Action item:
Copy out every line of the material below, character for character, apart from the pictures.

Information supplied:
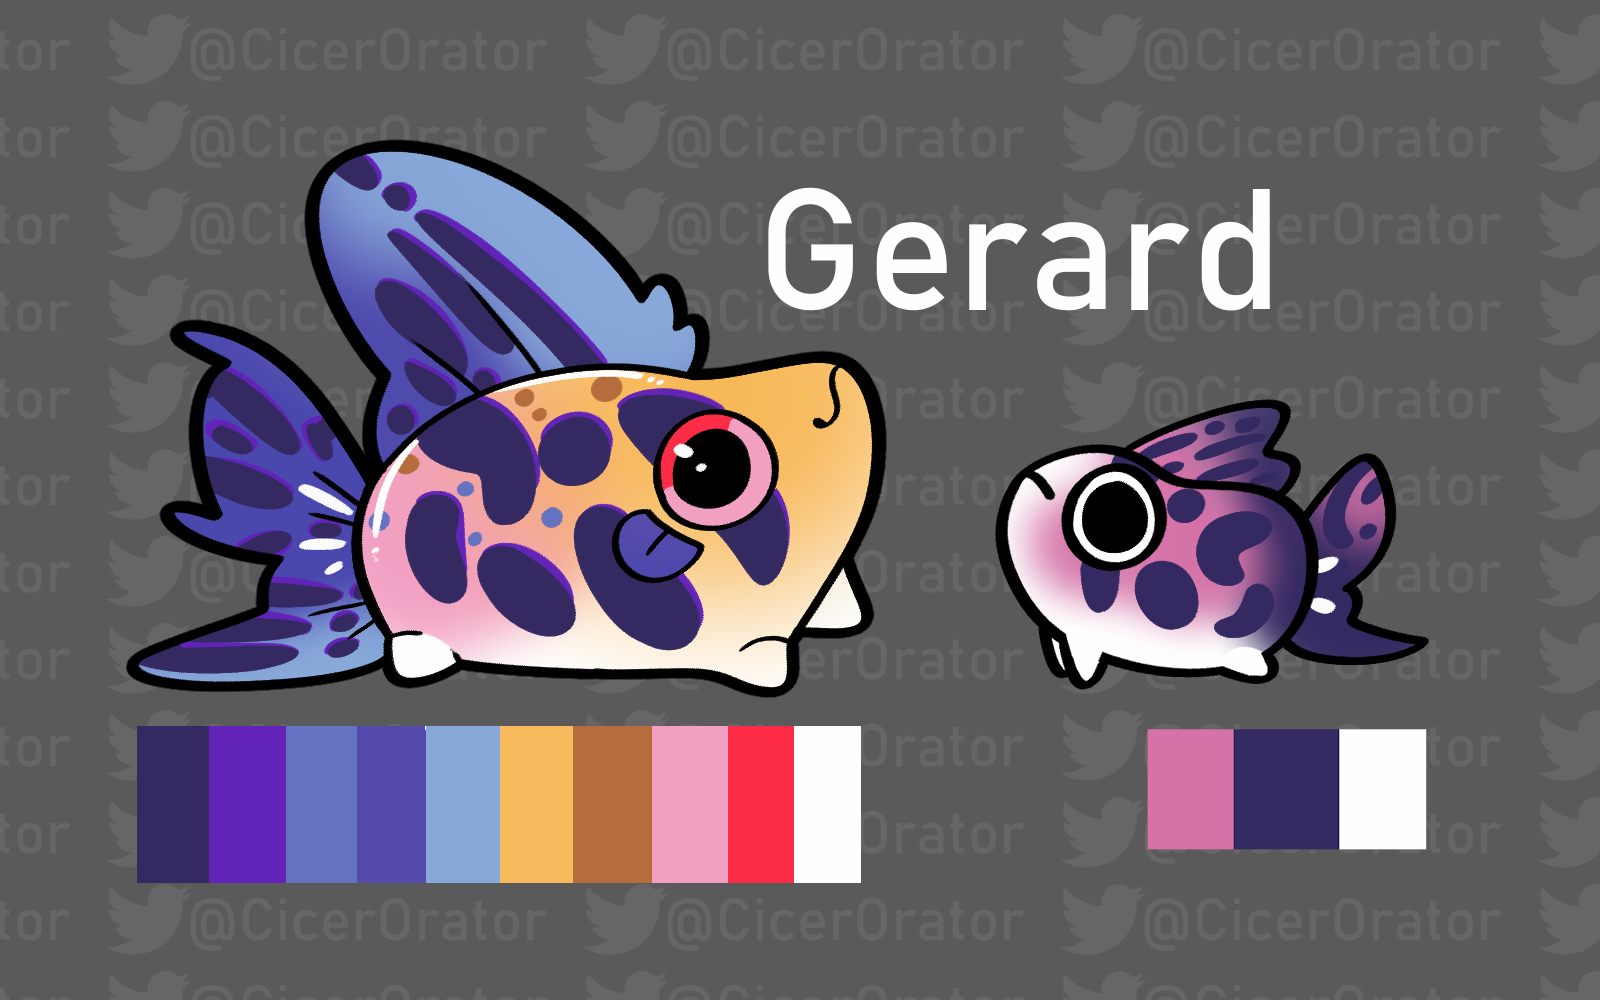 Bet-180: Gerard
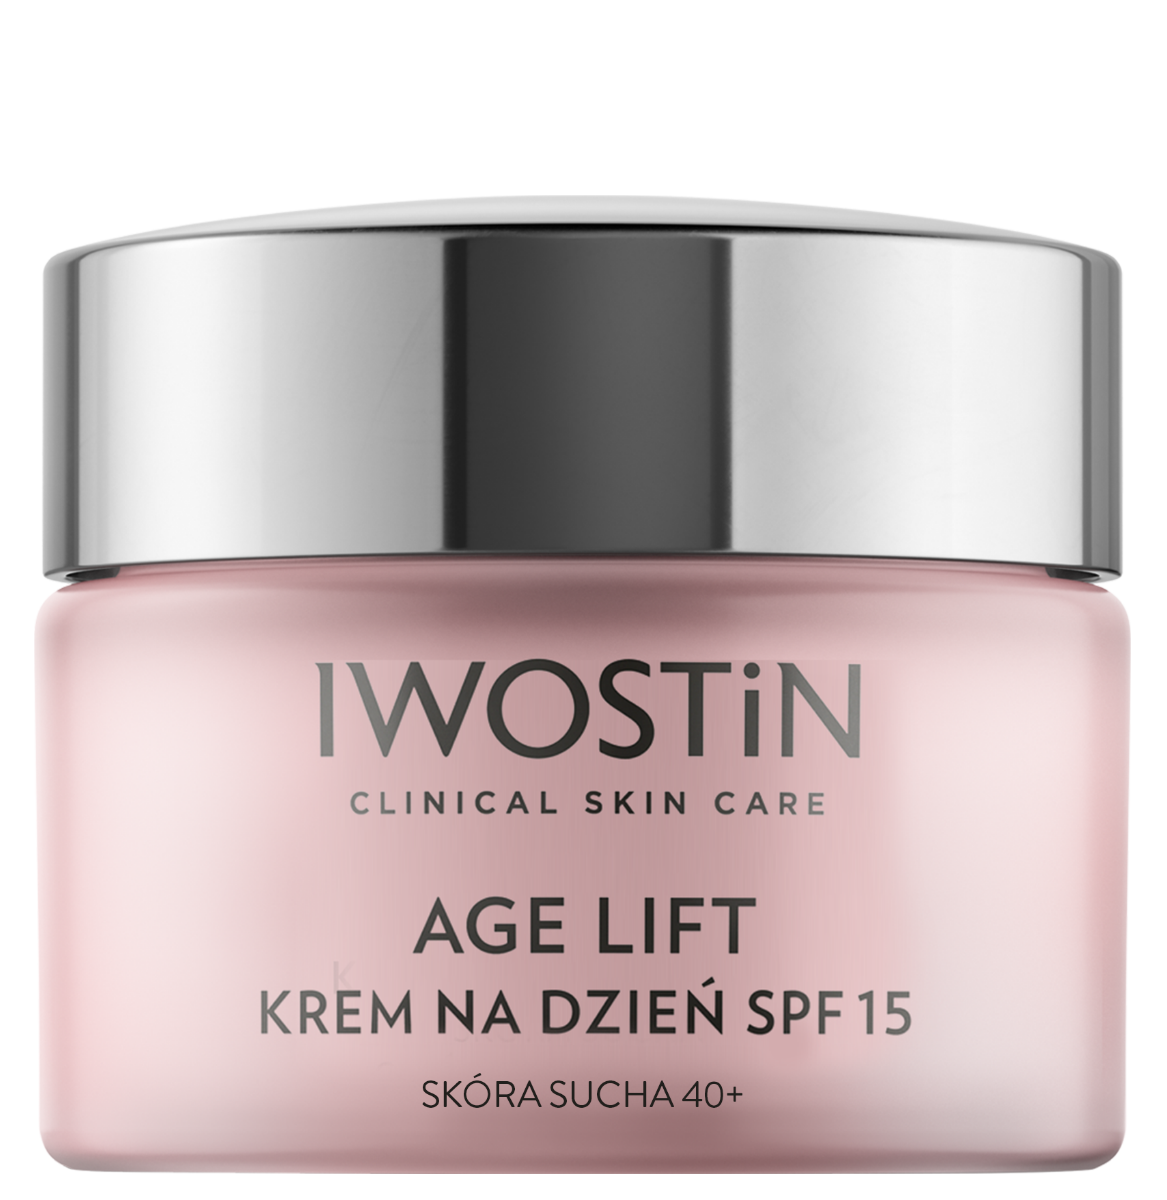 Iwostin Age Lift дневной крем для лица, 50 ml
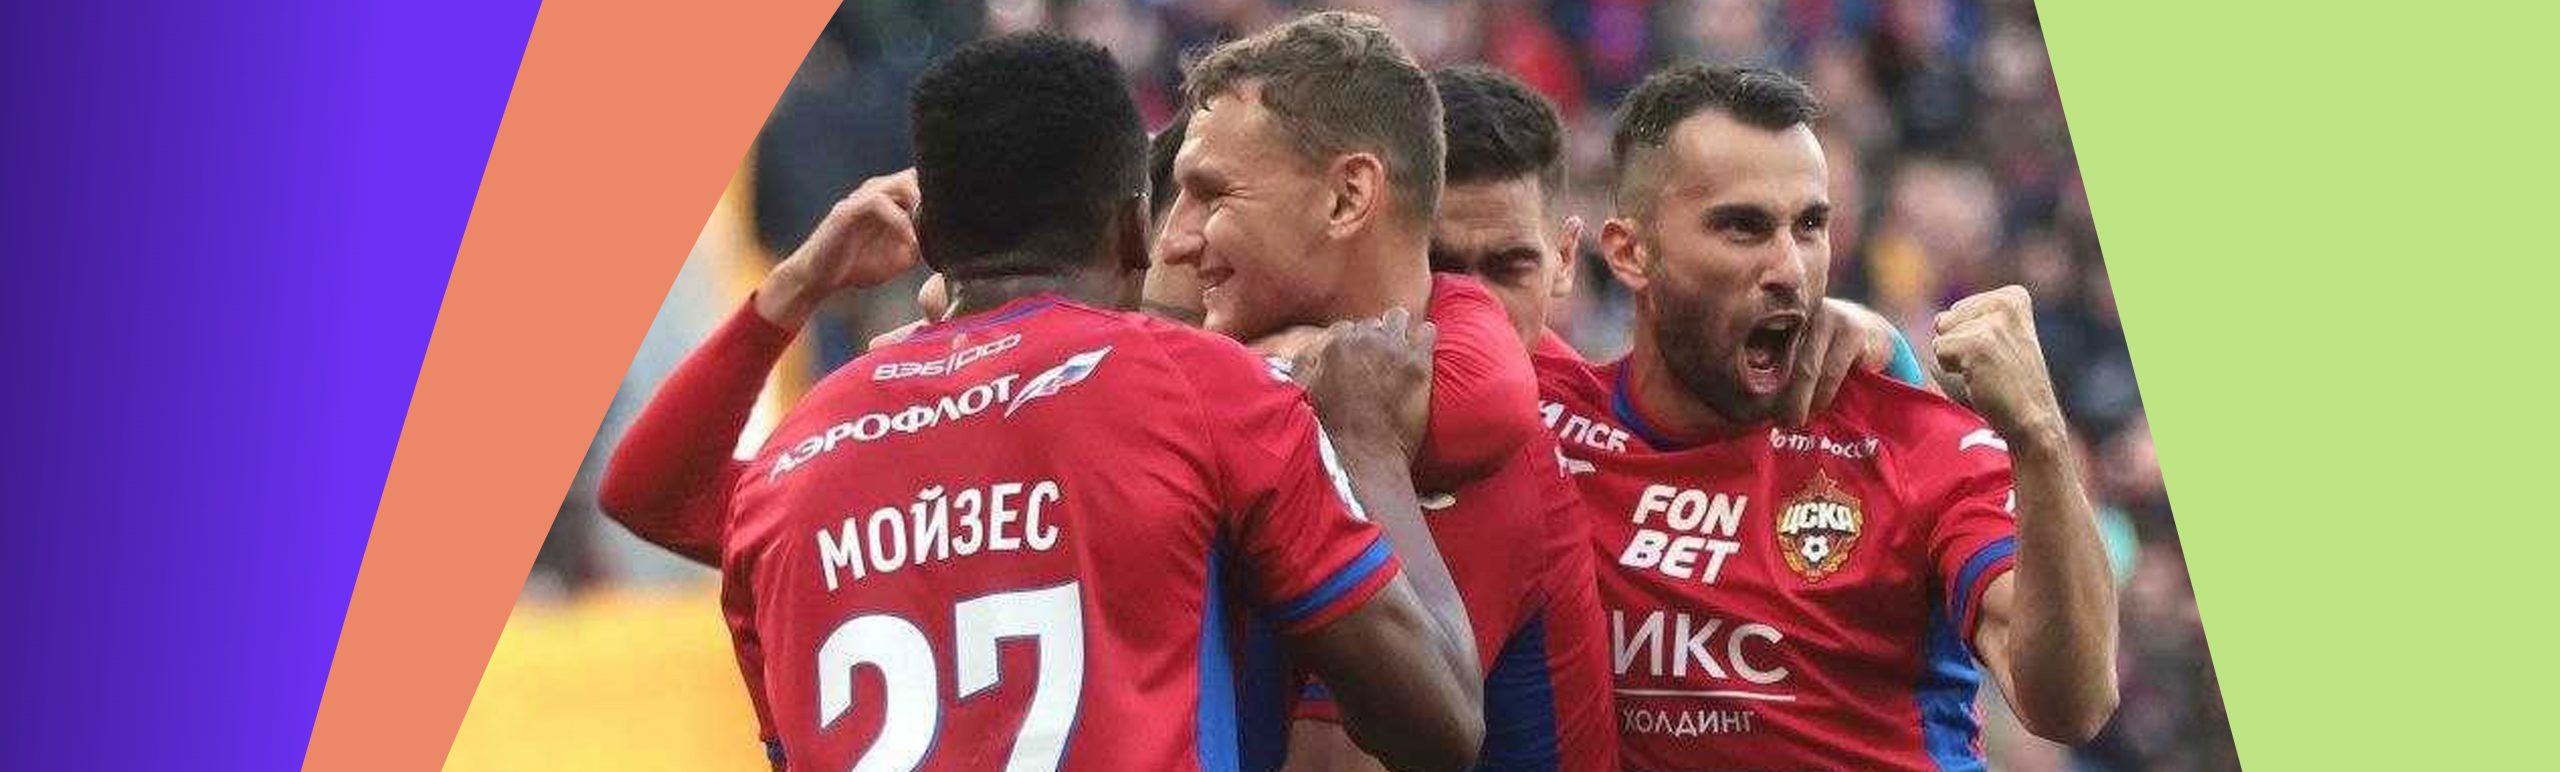 RPL. SSKA 3 bor penalti tepib «Krasnodar»ni yirik hisobda yengdi, «Nijniy Novgorod» Grozniyda g‘alaba qozondi

Task result:
 Bet-180: Gerard
 Iwostin Age Lift дневной крем для лица, 50 ml
 RPL. SSKA 3 bor penalti tepib «Krasnodar»ni yirik hisobda yengdi, «Nijniy Novgorod» Grozniyda g‘alaba qozondi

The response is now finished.